Откровенно говоря, я был не слишком удивлен. Все нити в этом деле вели к Цезарю. Дом Цезаря, долги Цезаря, амбиции Цезаря… Теперь ко всему этому прибавилась вольноотпущенница Цезаря. Да, я совсем позабыл о несчастной жене Цезаря, которой не удалось быть выше подозрений. Как ни странно, до сих пор все это прекрасно удавалось ее супругу. Я был так увлечен Помпеем и Клодием, что не уделял Цезарю должного внимания. Впрочем, надо признаться откровенно — я не хотел считать его главным подозреваемым, поскольку он был связан родством с Юлией.

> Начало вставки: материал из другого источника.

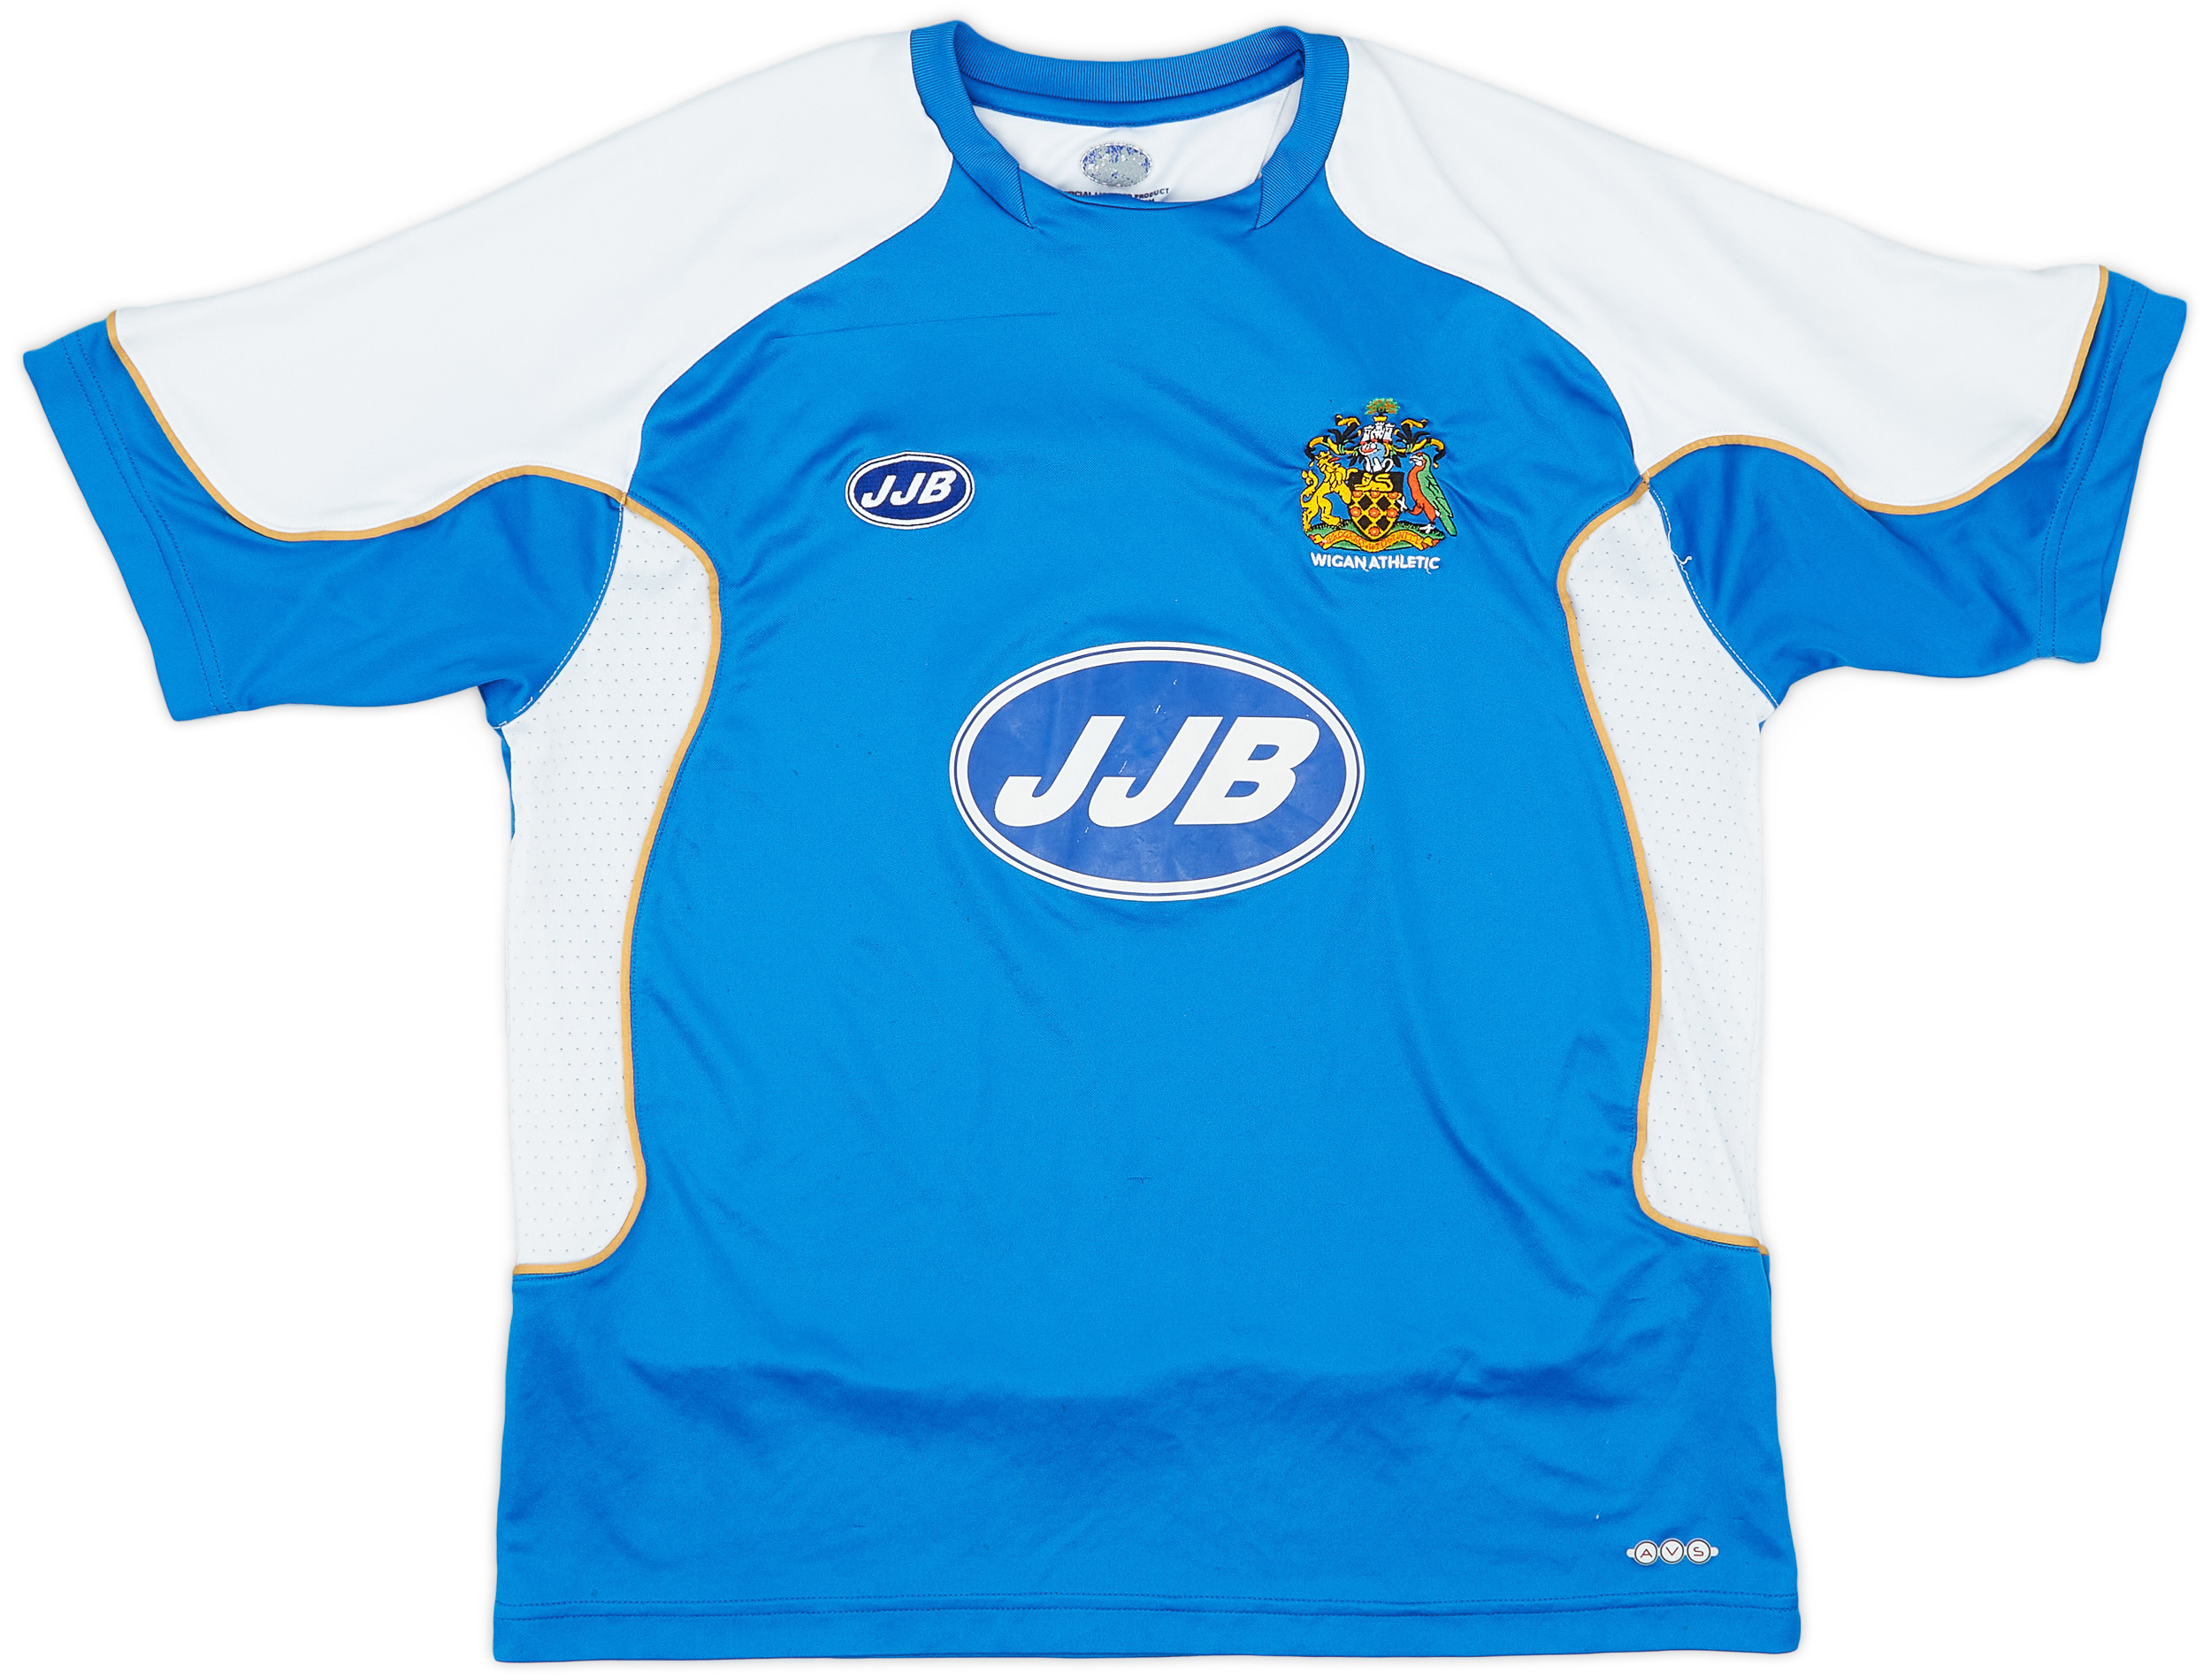 2006-07 Wigan Athletic Home Shirt - 7/10 - ()

Сказать, что Юлия вскружила мне голову столь же сильно, как когда-то Клодия, было бы несправедливо. Но я ощущал в ней родственную душу, разделявшую мои увлечения и склонности. Я давно заметил, что порядочность и великодушие становятся редкостью среди римских женщин, по крайней мере среди представительниц высшего сословия. А теперь я встретил девушку, которую в своем воображении наделил этими добродетелями, получил от ее дяди брачное предложение, и розовая пелена лишила мой взор остроты. Нет, твердо сказал я себе, больше я не допущу, чтобы мои чувства одержали верх над разумом.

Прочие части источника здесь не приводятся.